If you have been in a wreck with a tractor-trailer, you know the damage they can cause.  Because these trucks are bigger, heavier, longer, and harder to stop, the Federal Motor Carrier Safety Administration (FMCSA) has made trucking companies adhere to higher safety standards when it comes to driving these big rigs.  Many, if not most, trucking companies take shortcuts when it comes to safety.  In an attempt to find out which trucking companies are the most dangerous, the FMCSA designed The Safety and Finess Electronic Records (SAFER) System.  Its goal was to provide the public and trucking industry service providers with safety information on individual trucking companies. 


You have access to this information.  Let me show you how to do it:

  1. Go to safer.fmcsa.dot.gov
  2. Under the heading FMCSA searches, click on the section “Company Snapshot”
  3. After clicking on this heading you can find the motor carrier based upon the company’s name, US DOT Number or MC/MX Number. 
  4. Next, you will find the “Company Snapshot”

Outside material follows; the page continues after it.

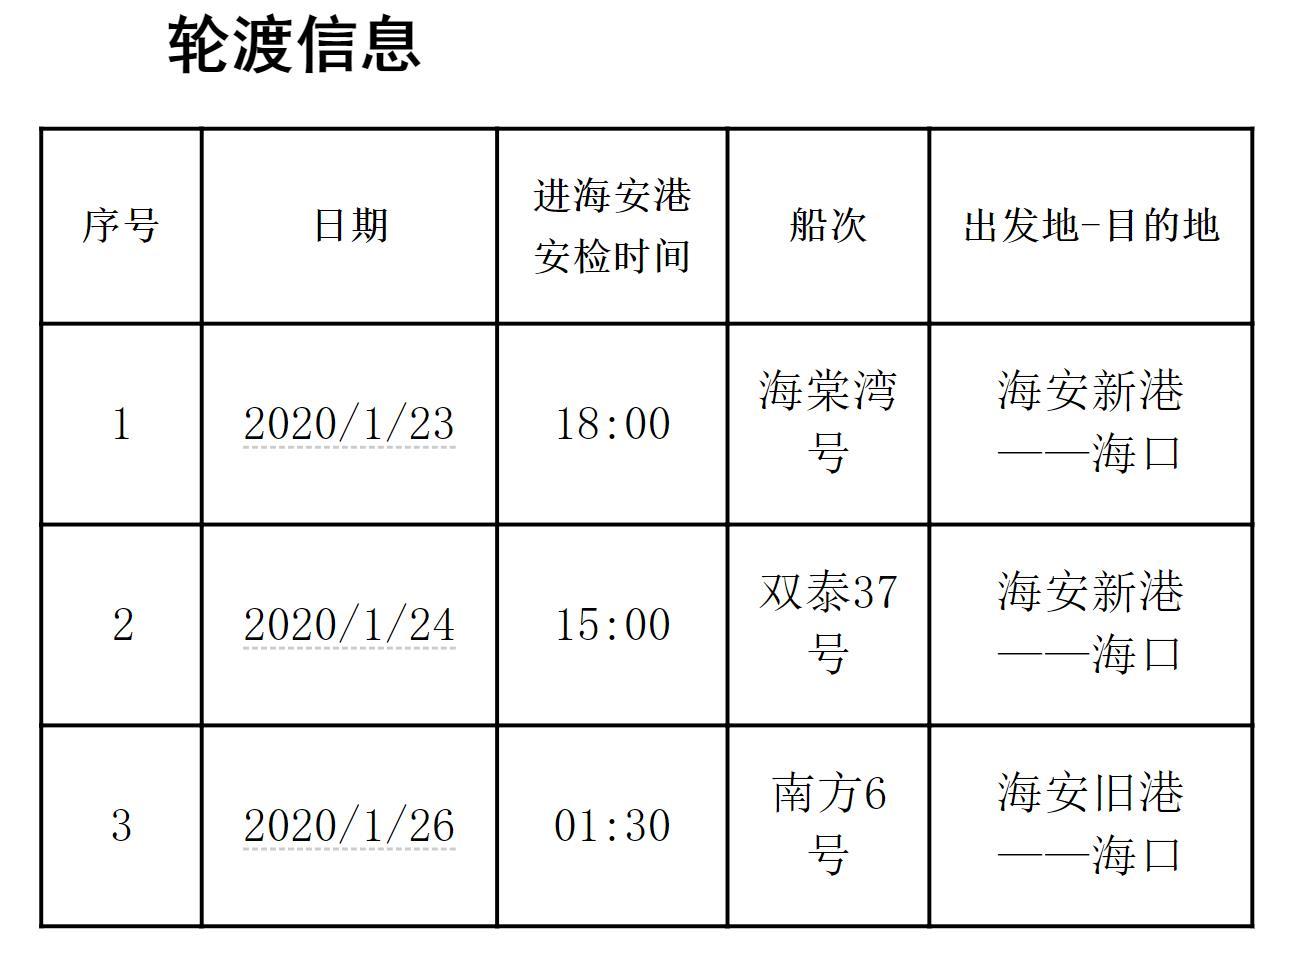 急寻海南同行旅客 3个轮渡发现确诊患者:时间为1月23日至26日
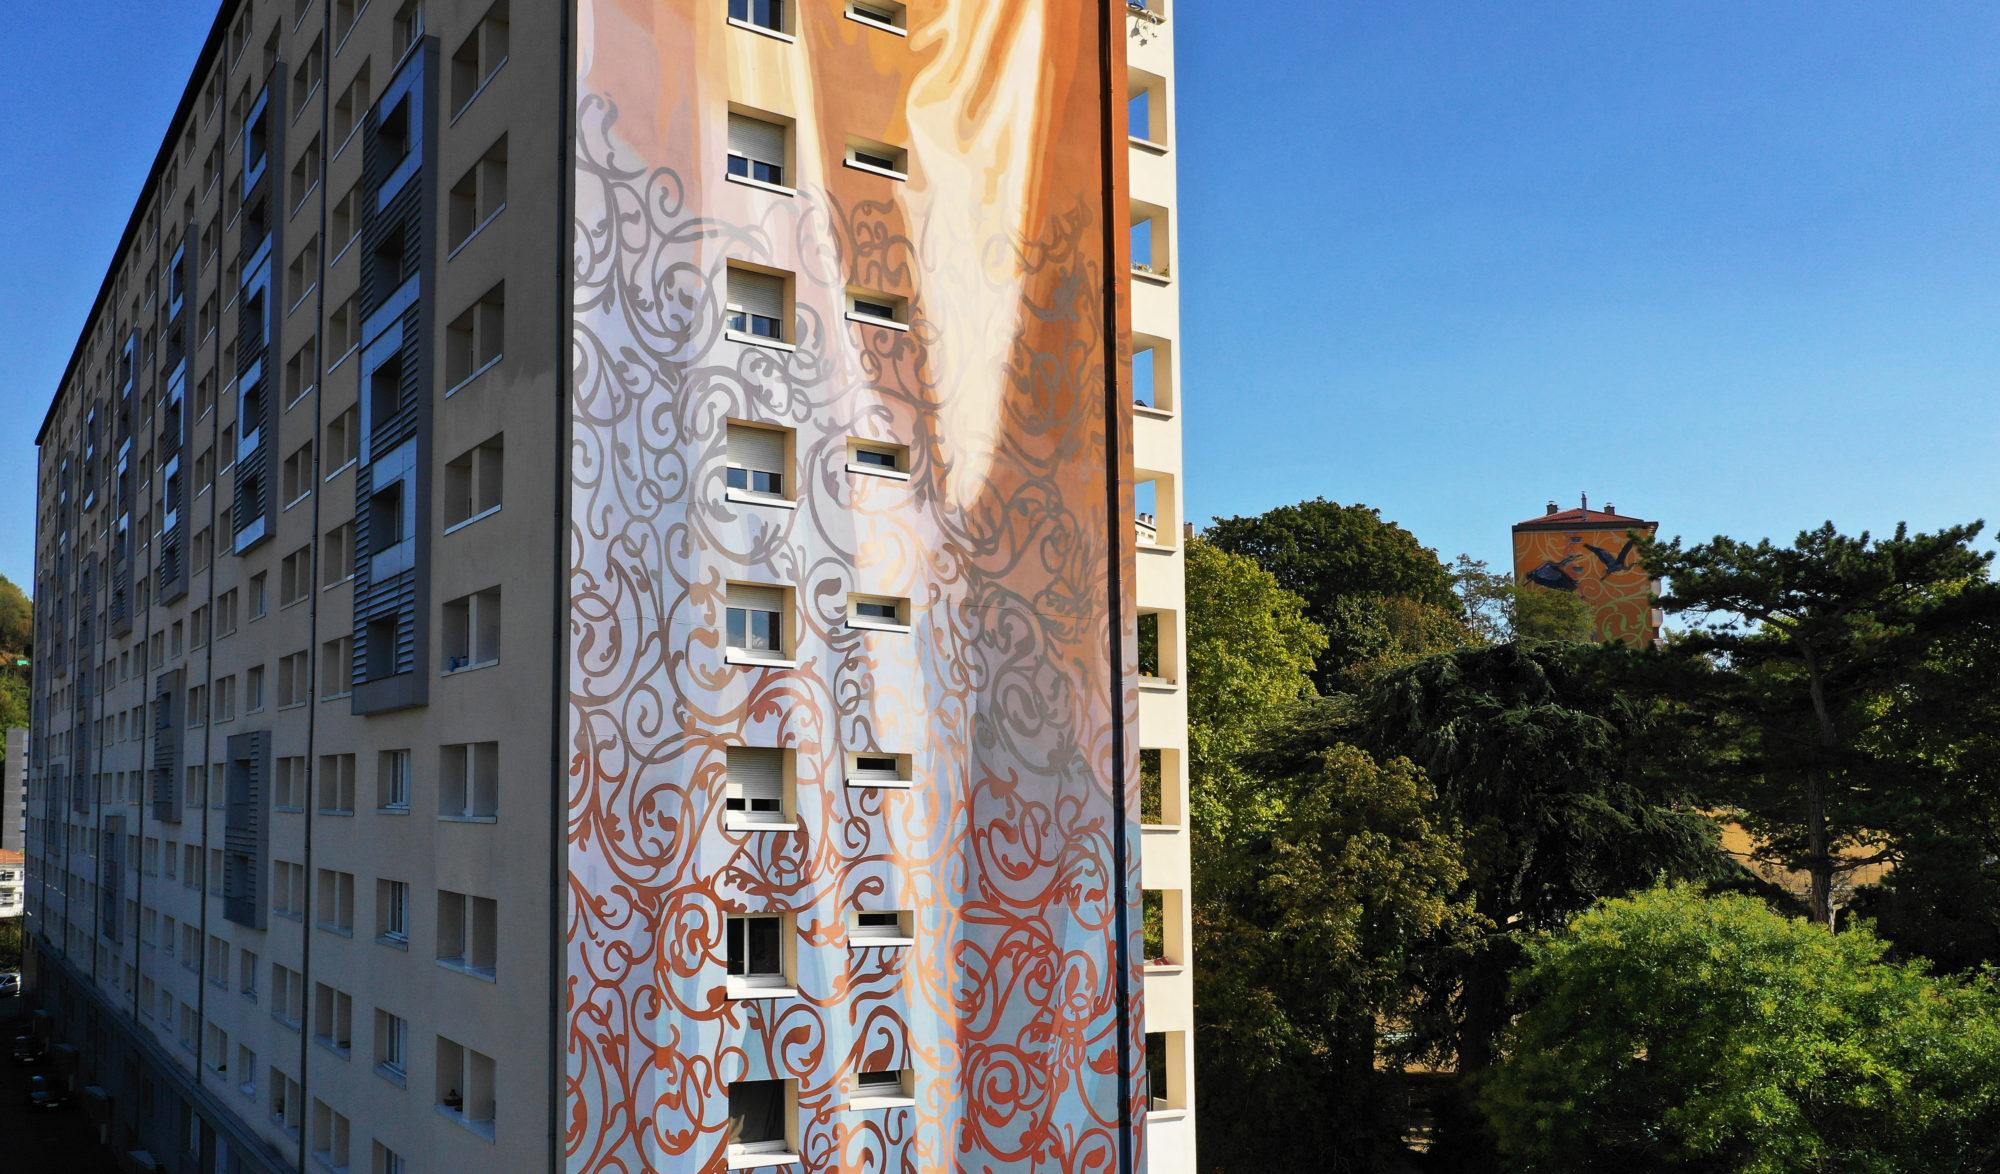 Peindre Une Fresque Sur Un Mur citécréation - design mural monumental et fresque murale

Here is one I have pulled on Western Express, for example.

Trucking Company Safety Record

In the upper right-hand corner of the Company Snapshot screen, you can click on “Licensing and Insurance” to obtain insurance information, including the amount of coverage they have on file.  As a general rule, regulated trucking companies are required to have a minimum of $750,000 per person of liability insurance coverage. 

For my subscribing lawyers who are reading this, please note that by clicking on “Blanket Company” in the bottom left-hand corner under Licensing and Insurance,” you can obtain the agents for service of process.    If you return to the Company Snapshot page and click on “SMS Results” in the top right corner, you will access additional information from the Safety Management System (SMS concerning the safety scores of the trucking company).

What About the Driver?

In 2010, the FMCSA implemented the CSA, or Compliance, Safety & Accountability System.  Its purpose was to collect data from individual truck drivers and their companies to assess the overall safety of each trucking company.  SMS focuses on 7 Behavior Analysis and Safety Improvement Categories (BASIC).  These categories include

  1. Unsafe Driving;
  2. Fatigued Driving;
  3. Driver Fitness – measures drivers who are unfit due to lack of training, experience or medical qualifications;
  4. Controlled Substances/ Alcohol – history of impaired drivers;
  5. Vehicle Maintenance;
  6. Cargo-Related – measures improper loading/ shifting incidents and violations;
  7. Crash Indicator – history of high crash involvement based upon the amount of prior incidents and how severe they were.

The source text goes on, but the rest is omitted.